Is it a common thing for the cluster to go bad? My tach still works as well as my cruise control. But the speedo and mileage doesn't. Would the cluster going bad cause a vehicle speed sensor code? Thanks for the help!


----------



## MyGreenMax94 (Dec 17, 2005)

stans96max said:


> I reset the computer by turning the screw on the computer counter clockwise all the way and waiting until the lights blinked 4 times and then turning the screw back clockwise.

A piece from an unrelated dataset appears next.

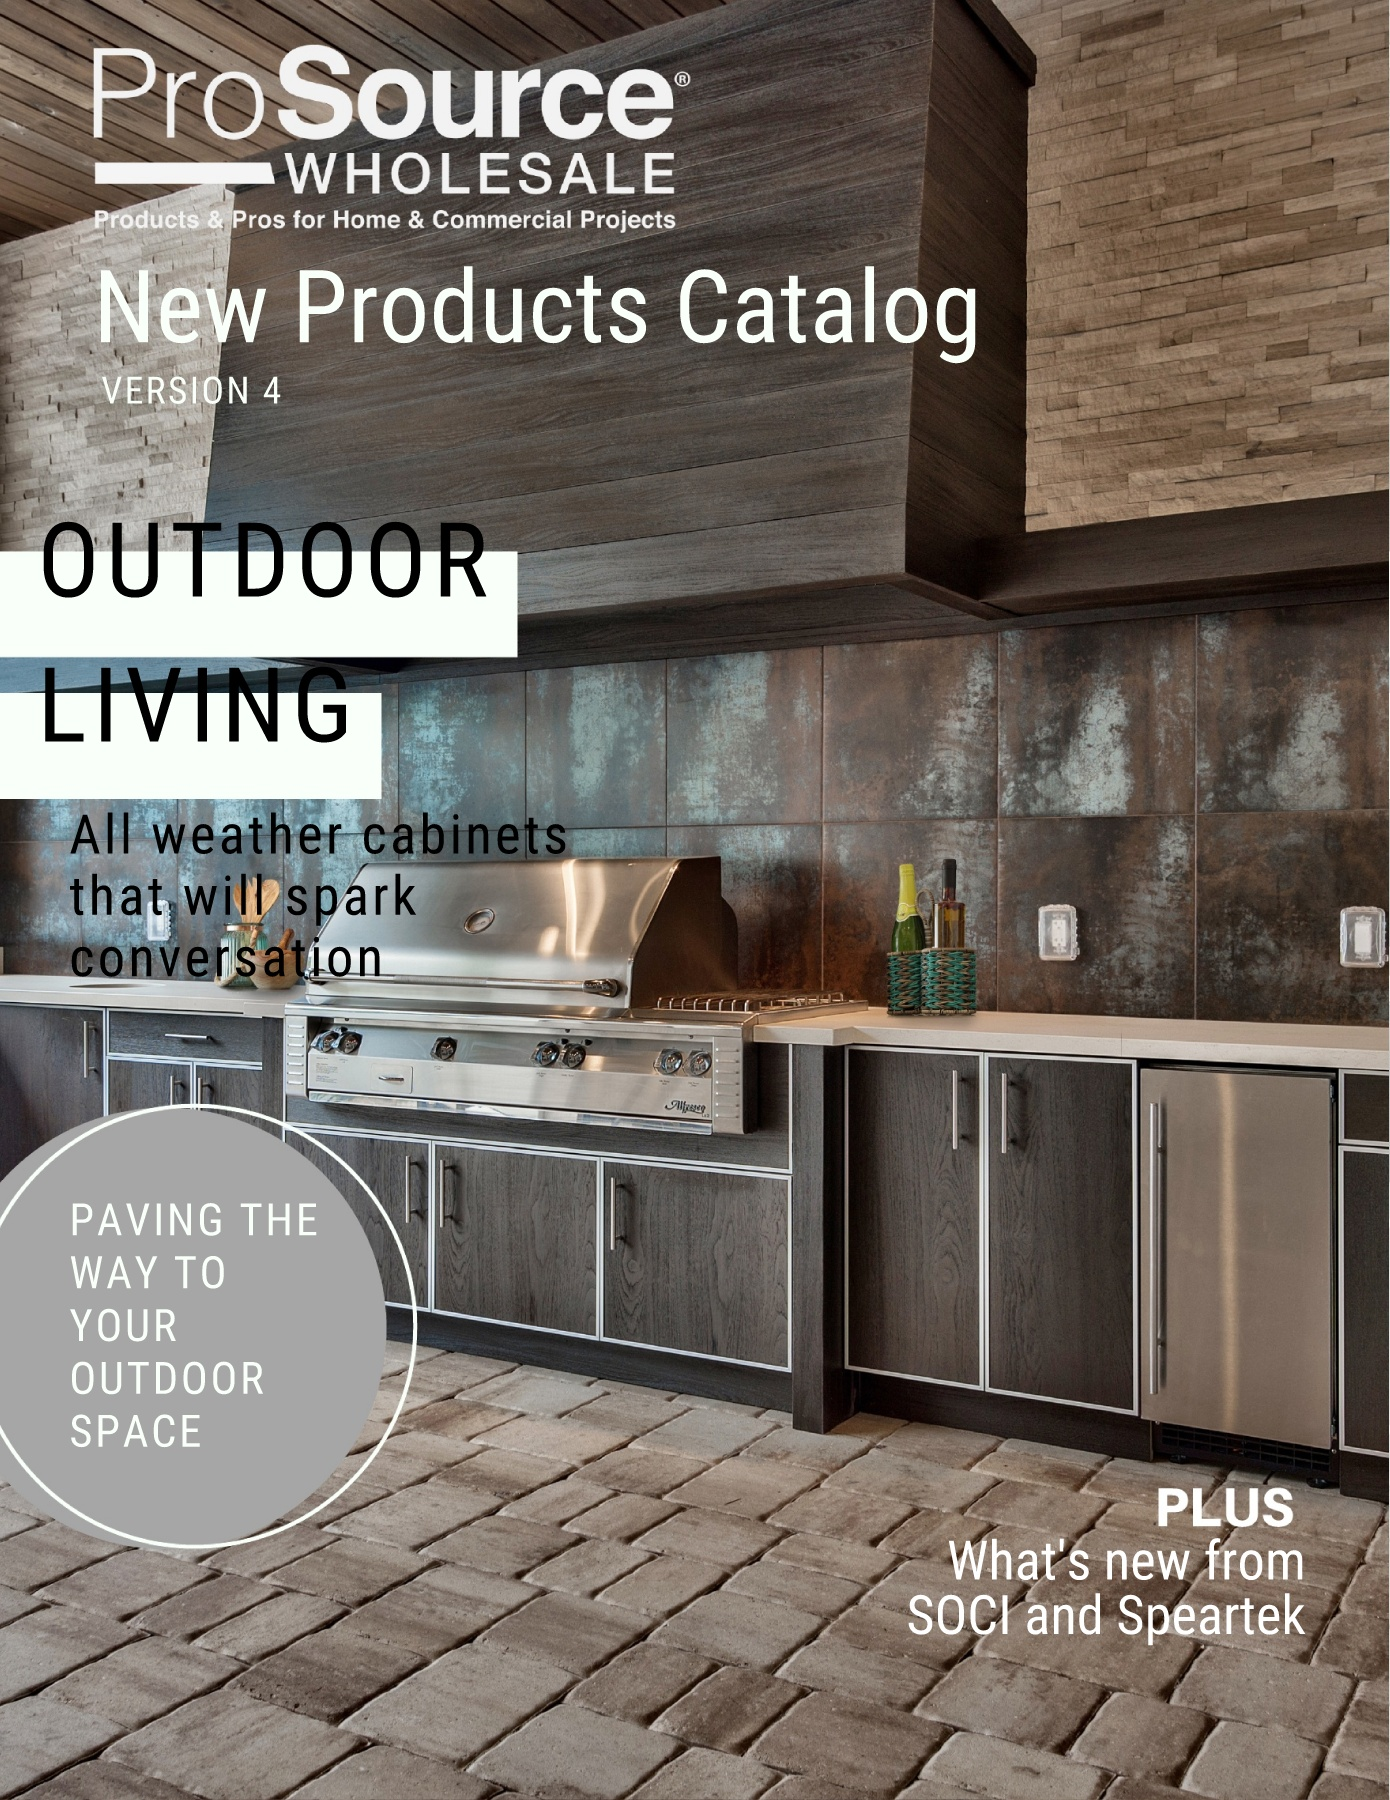 prosource new products catalog v3

Try resetting the ecu by removing the negative cable from the battery for about 15 minutes...


----------



## internetautomart (Mar 8, 2004)

there has been a case where the cluster was bad and it was killing the VSS every time it was being replced.


----------



## stans96max (Sep 19, 2005)

Is there a way to check the VSS? Can you check it using a voltmeter or measuring resistance?


----------



## MyGreenMax94 (Dec 17, 2005)

stans96max said:


> Is there a way to check the VSS? Can you check it using a voltmeter or measuring resistance?


----------



## stans96max (Sep 19, 2005)

Thanks. I'll test my VSS this afternoon. I replaced the insturment cluster and the new one is doing the same thing. I took my battery cable off for about 1 hour. After driving for 5 minutes with the new cluster, the check engine light came back on. My new VSS may be bad or could have been blown by a bad cluster. I hope this is the case because I really don't know what else could be wrong. I'll keep you posted.


----------